The trial court admitted body camera footage from the scene of the
accident. Relevant to the instant appeal, the footage captured, inter alia, an
exchange between Officer Pennington and Mr. Cook in which the former asked
the latter if he had seen who was driving the car. Mr. Cook indicated that Ms.
Dowling got out of the passenger seat. Officer Pennington explained to Mr.
Cook that Ms. Dowling had told Officer Pennington that she was driving. Mr.
Cook reiterated that he had seen Ms. Dowling come out of the passenger side
of the car and not the driver’s side. Mr. Cook then speculated that if Ms.
Dowling had been driving, she would not have come out of the passenger side
“unless the door is busted over there and [Appellant] was dragging her out.”
Exh. C-1, 6:00. Immediately after this exchange, the footage captured Officer
Pennington walking over to Appellant’s vehicle and open the driver’s side door,
thereby demonstrating that the door was not “busted.”
-4- J-S42035-23
On cross-examination, Appellant’s counsel attempted to question Officer
Pennington about the exchange with Mr. Cook captured by the body camera
footage regarding whether the driver’s side door of Appellant’s vehicle was
“pinned.” The Commonwealth objected to Appellant’s counsel’s efforts to
determine whether Officer Pennington believed “pinned” means “unopenable”
or “cannot be opened all the way.” N.T. Trial, 10/28/22, at 143-44. The trial
court sustained the objection.
Mr. Cook also testified for the Commonwealth. He testified that he
heard the crash from inside the fire department where he worked. He further
testified he saw Appellant attempting to pull Ms. Dowling from the passenger
seat of his Appellant’s vehicle. Mr. Cook testified that he went to aid Appellant
in removing Ms. Dowling from the car.
On cross-examination, Appellant’s counsel asked Mr. Cook if he had told
Officer Pennington that Appellant must have dragged Ms. Dowling out of the
car through the passenger side because the driver’s side was “busted.” Mr.
Cook testified that, in an effort to reconcile what he had seen with Appellant’s
statement to Officer Pennington that Ms.
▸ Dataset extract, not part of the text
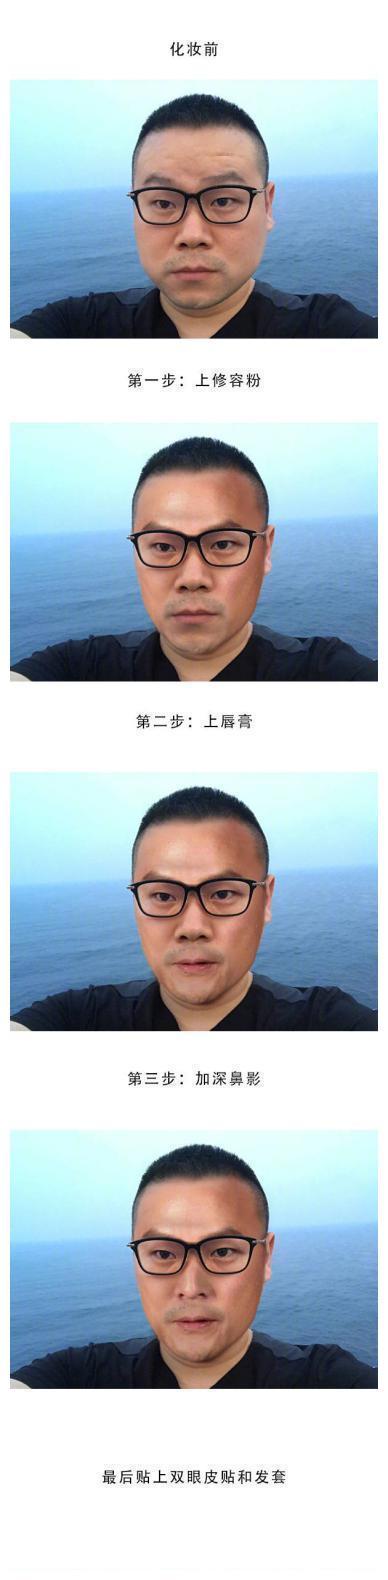 """小岳岳把自己P成吴彦祖,被王尼玛吐槽""""喂,脸呢"""""""
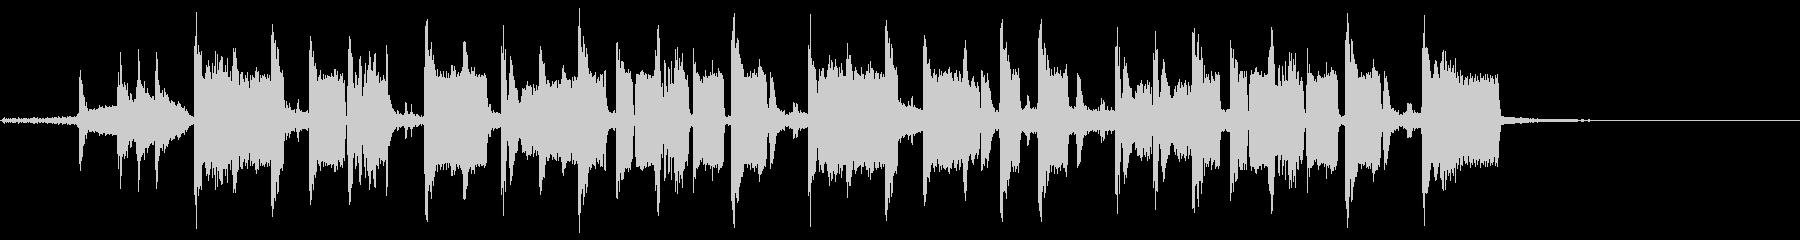 ヘビーホップALT。混合の未再生の波形

Dowling had been driving, he merely
hypothesized that “unless the door is pinned shut, that would be why he pulled
her through.” N.T. Trial, 10/28/22, at 46.
The trial court also admitted into evidence video surveillance footage
from the intersection recorded at the time of the accident. The video, and
Officer Pennington’s testimony describing it, showed that the Victim’s white
sedan was initially sitting still at a steady red traffic light while the light
-5- J-S42035-23
controlling the opposing traffic on Street Road turned from yellow to red.
Thereafter, the traffic light controlling traffic on Trevose Road in front of the
Victim’s vehicle turned green and the Street Road light remained a steady red.
The Victim’s vehicle entered the intersection and Appellant’s black sedan
drove through the same intersection immediately thereafter, notwithstanding
that the traffic light controlling Street Road remained red.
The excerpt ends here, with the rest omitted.